In about a month and a half, I am going to have to send my first born off to Kindergarten! Am I excited? For the most part, yes I am. Am I scared? Yes, A little part of me is.
After I gave birth to Jayden and decided to stay home, it changed my life forever. Not only for the fact that my adult conversation was not happening, but also I suffered from post partum depression. I didn’t have a severe case, but I had a case big enough to change who I am today. Being in a dark hole is not fun. You just feel like the world is falling in on you. Then you snap to it and realize you have a tiny baby that is counting on you. Jayden’s first year of life was rough on me, but he was an awesome baby.
I will never regret staying at home. Yes, there were times that I just wanted to scream and leave the house. Got to like the hand-off at 5:30 to your husband and say, “He’s yours now.” I liked being at home, but I missed my work. I liked being at home because I got to see every little new thing he learned. I will never forget that. I loved all the fun things we got to do together: napping, reading, playing with tractors, watching tv, enjoying the outdoors, or doing crafts!
Jayden has always been an easy going kid. Doesn’t take much to entertain him, yet he likes to be busy. He has a gentle heart and a gentle spirit. Yes, he has his moments of trouble and being naughty.
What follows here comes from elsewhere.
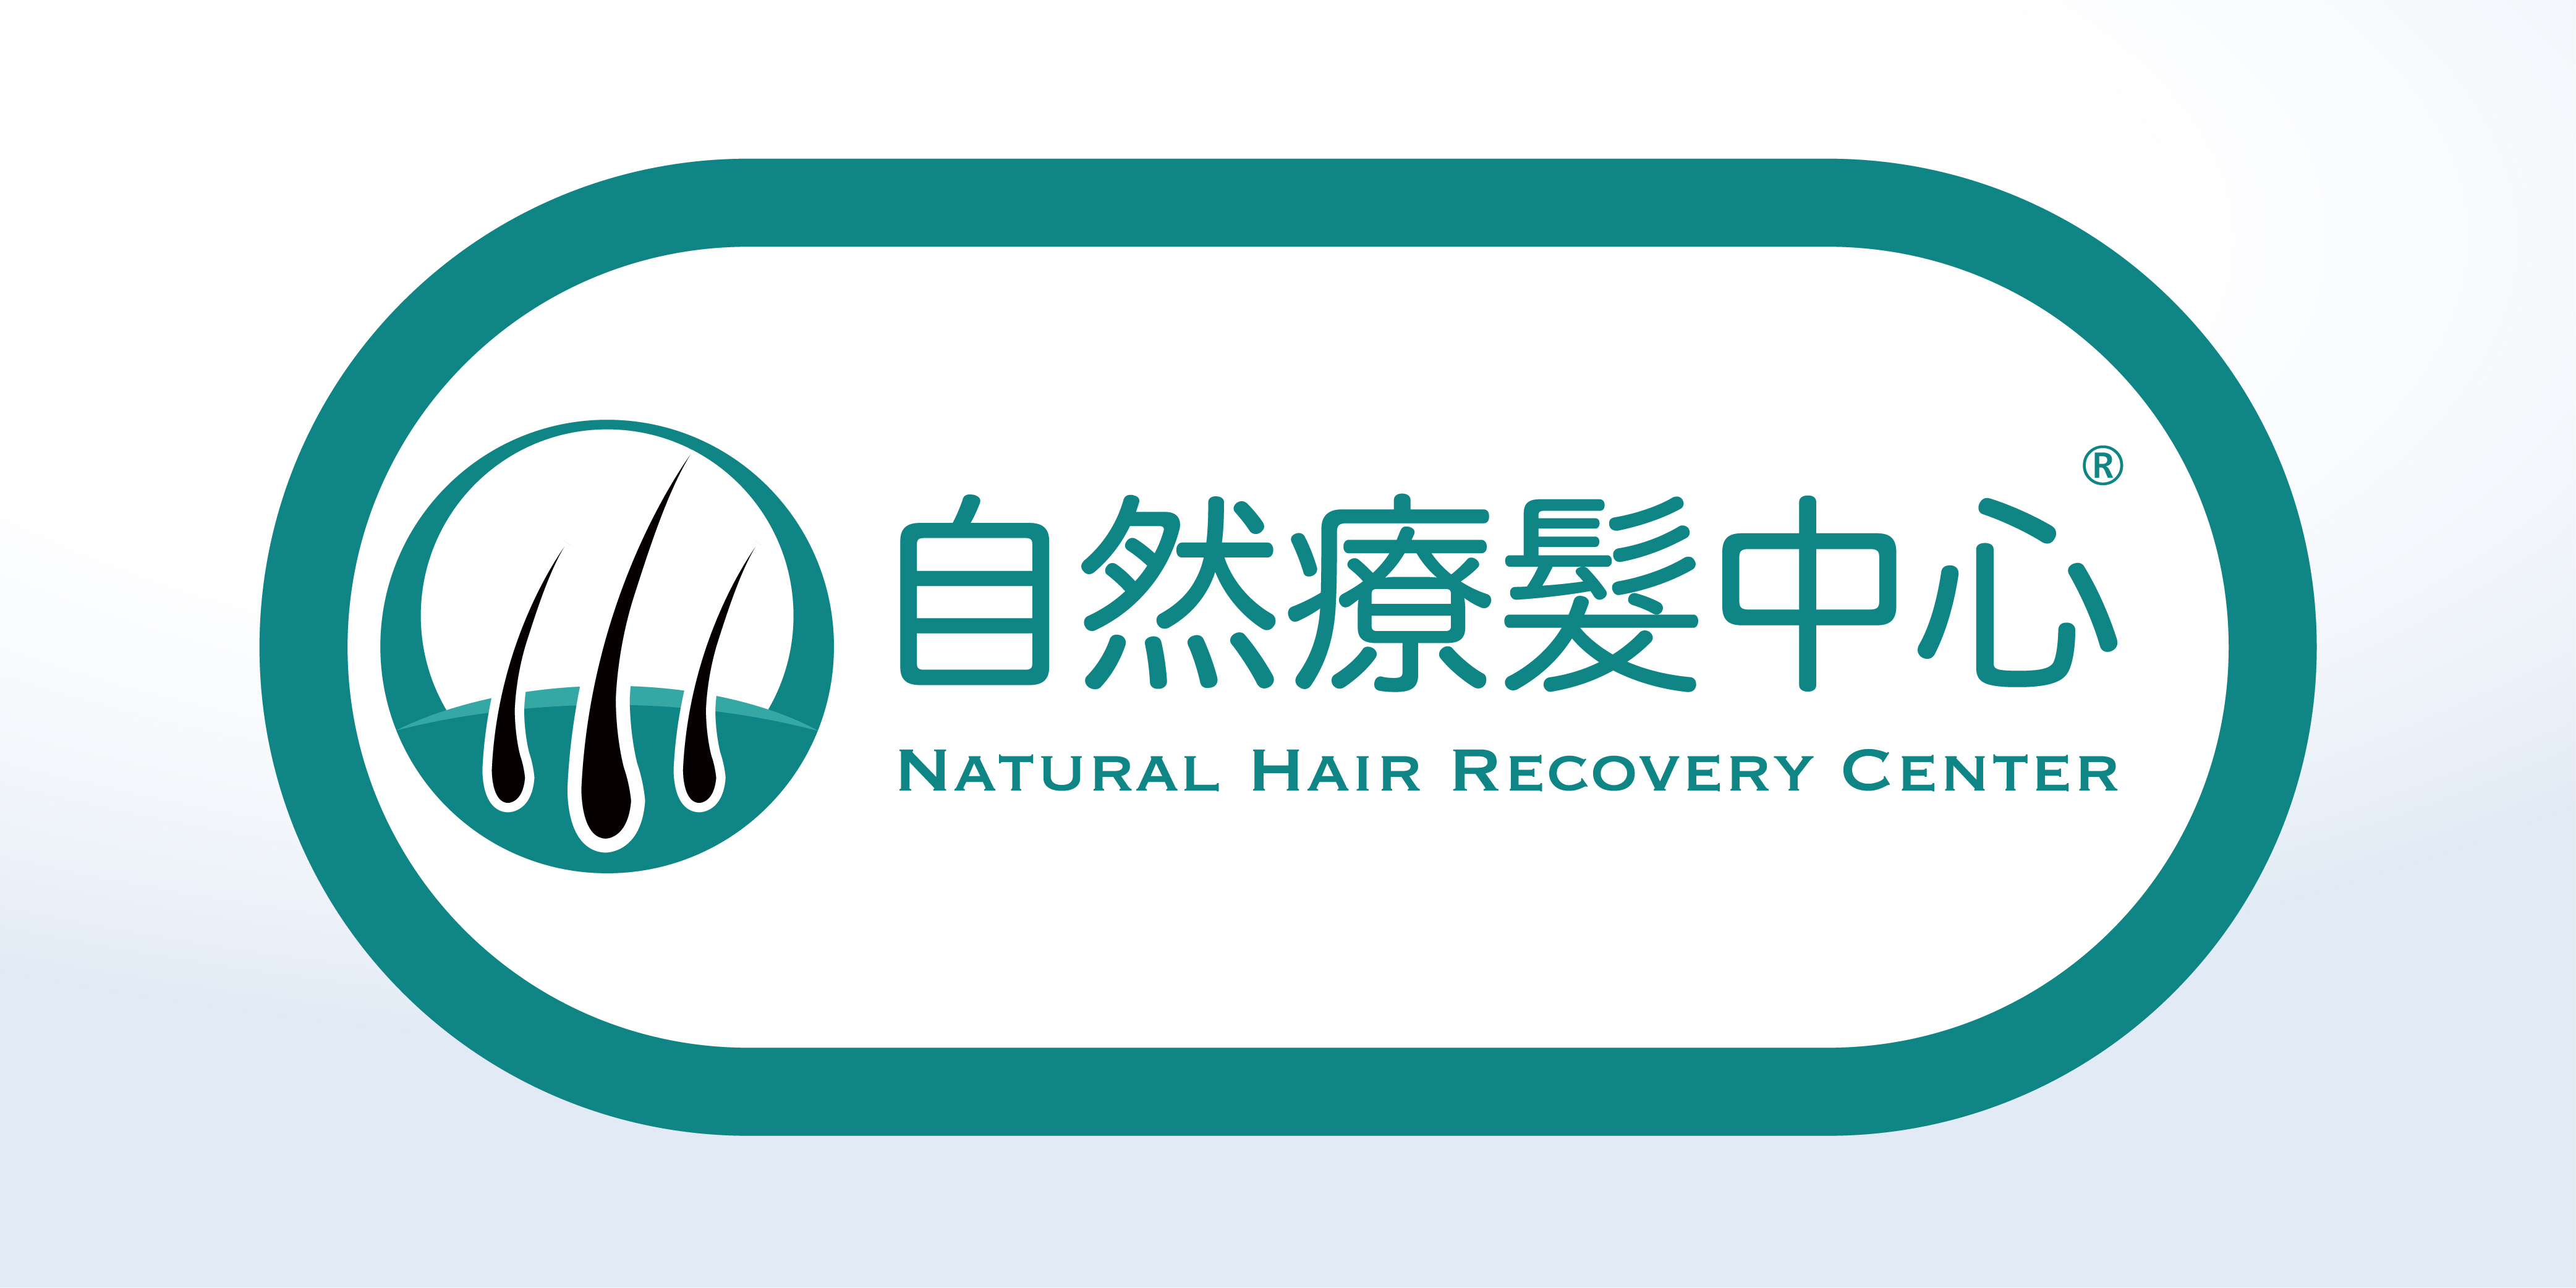 植髮/駁髮: 自然療髮中心 Natural Hair Recovery Center ®

Under my wing he has been many things. Safe and secure. Strong and week. Happy and sad. Shy and talkative. Brave and scared. Under my wing he has learned to be the best boy he can be. He has learned to treat his friends with kindness and respect, just they way he would want to be treated. He has learned to be social and loving and caring. He has learned to protect the values he comes from and knows right from wrong. Under my wing, I raised a boy that I am proud to call mine.
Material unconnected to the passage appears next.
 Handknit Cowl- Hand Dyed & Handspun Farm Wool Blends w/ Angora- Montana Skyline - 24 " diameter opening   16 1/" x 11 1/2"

Now in a month and a half, when I walk into that school and let him out from under my wing, I hope he holds high all the things I have taught him. I pray he does his best, treats his friends with kindness. And in return, I hope his friends do the same. Kids can be mean, I just hope my tendered hearted boy can stand up for himself and be that little man I know he is! And when I walk away form him that day, I hope he doesn’t see the tear in my eye as I will miss hanging out with him everyday.